NEW YORK, Sept 16 (Reuters) - Global oil prices fell on Monday after U.S. and Russian officials reached a weekend deal to strip Syria of chemical weapons, easing investor worries.

Also pressuring oil prices, Iran's new atomic energy chief said his country wants to settle a decade-old nuclear dispute with the West.

"The market is clearly taking out the risk premium it had afforded to the potential of military action" on Syria, said Andy Lebow, vice president at Jefferies Bache in New York. He also cited Iran's softer tone as a factor pulling Brent down.

U.S. President Barack Obama said he would retain the military option if Damascus fails to follow a U.N. disarmament plan drawn up by Washington and Moscow. On Sunday, Syrian warplanes and artillery bombarded rebel suburbs of the capital.
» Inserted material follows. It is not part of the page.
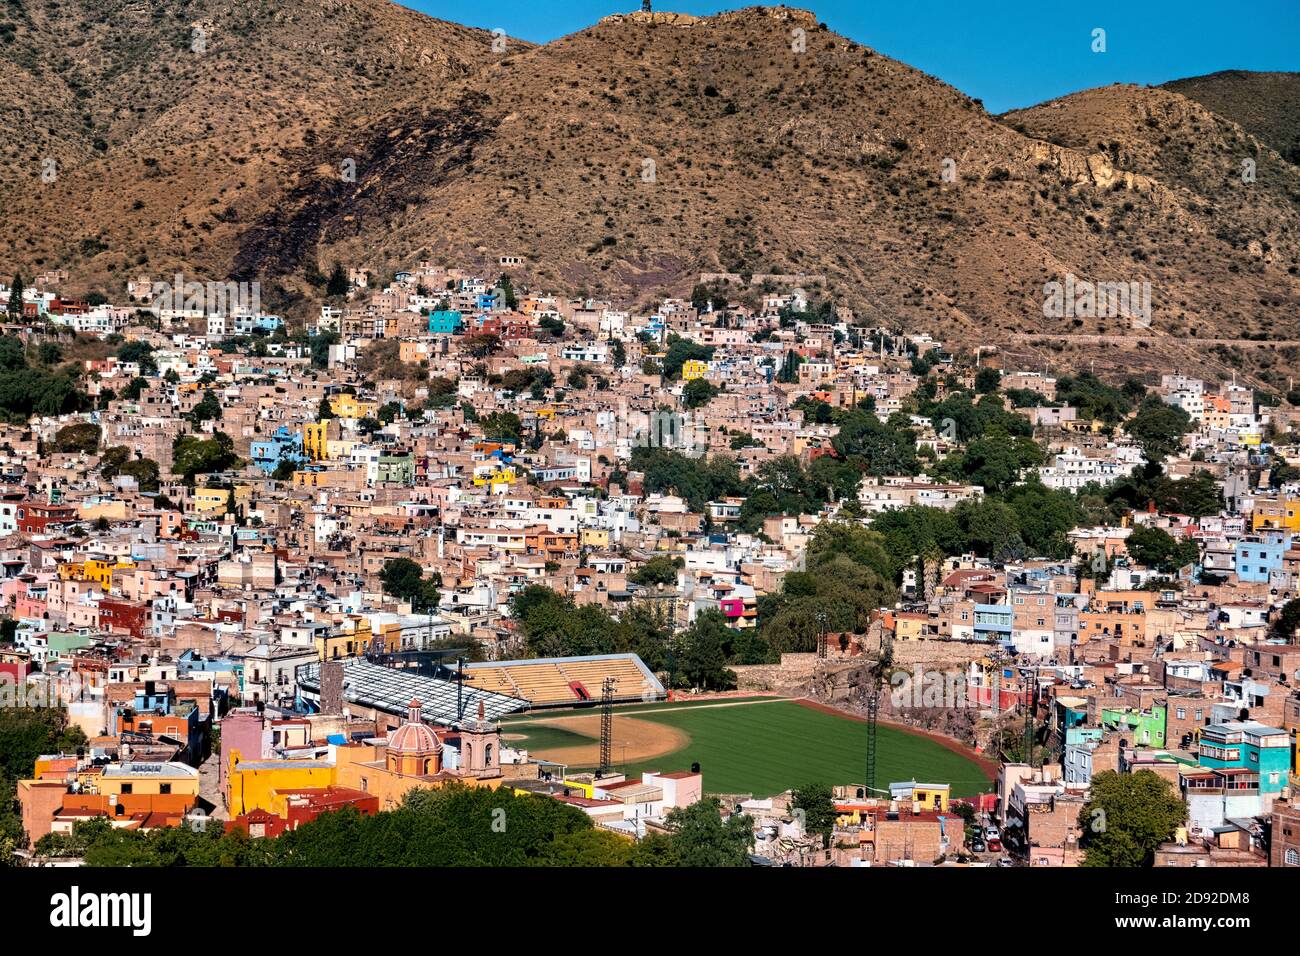 Vista sobre la Ciudad de Guanajuato y el estadio de béisbol, estado de Guanajuato, México Foto de stock

Brent crude has fallen by $7 from the six-month high of $117.34 a barrel reached in late August on worries about a possible U.S. military strike against Syria and on unrest in Libya that has reduced production there to a post-war low of 150,000 barrels per day.

Brent crude for delivery in November fell by $1.63 to settle at $110.07 a barrel, paring losses after losing nearly $3 to hit $108.73, its weakest level since Aug. 12.

Brent closed below its 50-day moving average of $110.31, the first time it had done so since early July.